Despite countless reports to the contrary, the “entitled” Millennial generation doesn’t expect to be handed the keys to the executive suite.

Millennial Job Prospects
CASE STUDY A
Name: Tammy Uppenborn
Age: 35
Profession: Occupational therapist
In 2007, Uppenborn got her Master’s in occupational therapy. She assumed there would be no shortage of work in a field tied to healthcare and the rapidly aging population. But government cutbacks and a shift away from in-patient hospital care proved a game-changer for the profession—and for her.
She found work, just not the sort she had envisaged. For five years, Uppenborn has completed a series of short-term contracts at various Toronto healthcare and rehabilitation facilities, serving as a perpetual stand-in for employees on maternity leave or vacation.
Despite hoping each contract would lead to a permanent job, her longest stint at an agency fell just shy of a year.
Uppenborn has never received health benefits, nor had an employer contribute to her pension. Employers require that she pay into an Employment Insurance fund, but regulations around temporary work prevent her from accessing EI during the scary months between jobs. Having recently started an eight-month contract at a new agency in Guelph, she will again be left scrambling for a new position this winter.
“I’m always on the steep end of the learning curve, always putting in extra, unpaid time, because I want to look good if another position opens,” she says.
Contract work has caused her anxiety, and thrown off her plans to start a family: “I can’t go on maternity leave because I don’t have a permanent job. But I’m going to be 36 this month. Like, tick tock!”
CASE STUDY B
Name: Cameron Jones
Age: 29
Profession: Legal researcher
Like many who slog through law school, Jones (not his real name) recalls holding lofty expectations prior to his 2008 graduation: “I thought, My future’s made. I’ll finish law school, get an articling position, and move into a permanent job.”

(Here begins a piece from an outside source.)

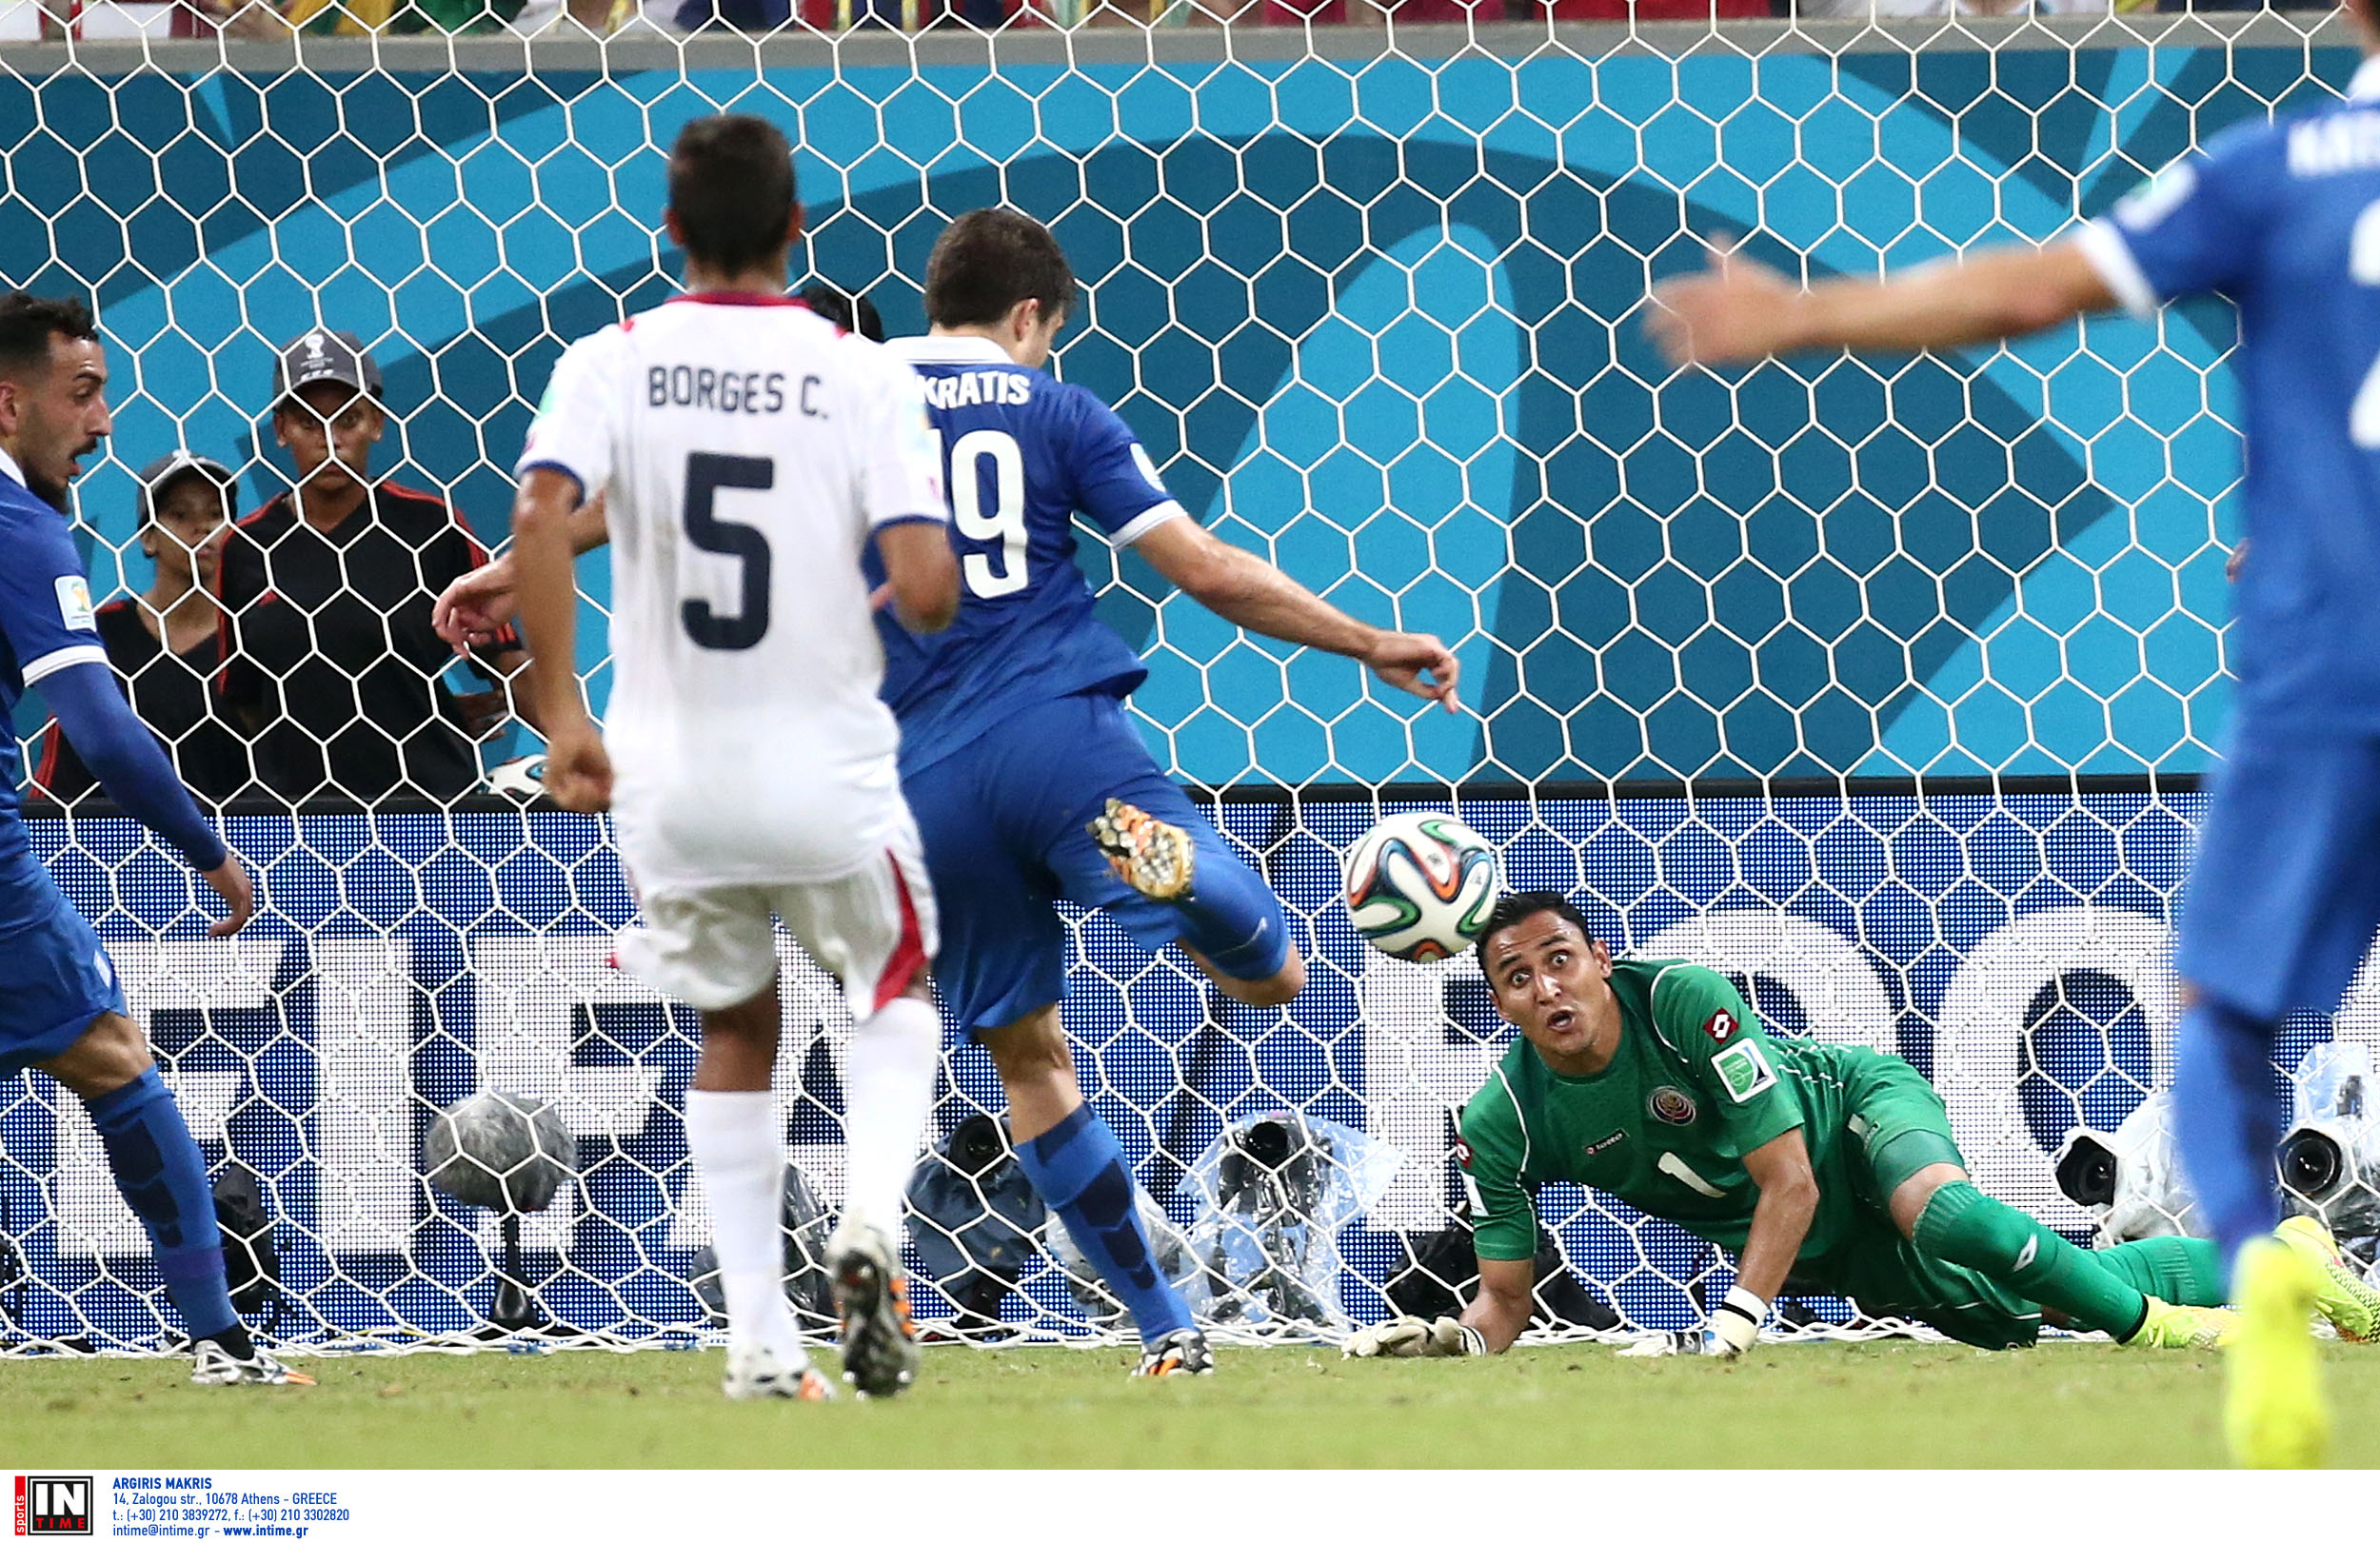 Mουντιάλ 2014: Ελλάδα – Κόστα Ρίκα (1-1 και στην παράταση) αλλά 3-5 στα πέναλτι

Then, like many of his peers flung from the cozy academic bubble mid-recession, Jones faced a harsh reality. He spent five months looking for work, followed by six months doing piecemeal legal-writing gigs and short-term contracts. He remembers the irony of one company referring to him as an “independent contractor.”
“I was an employee,” he clarifies. “I came into the office every day, I perfected the work I was told to do. There just weren’t benefits.”
Eventually, Jones secured stable legal work, a feat that may become increasingly difficult to achieve for Ontario law graduates, in light of the province’s shortage of articling placements. This year, nearly 15 per cent of them couldn’t find articles—a prerequisite for becoming licensed.
CASE STUDY C
Name: Aafreen Malik
Age: 30
Profession: Teacher
Malik (not her real name) has worked as an occasional teacher for six years, alternating between day-to-day supply work and, when she’s lucky, maternity contracts. She has vied for a permanent position with the Toronto District School Board, but to no avail—openings are usually snapped up by transferring teachers.
“You’re often not respected by colleagues and the administration as much as if you were a permanent teacher,” she says. “I’m not going to be there in a couple months, so it doesn’t really matter [to them] to keep me happy.”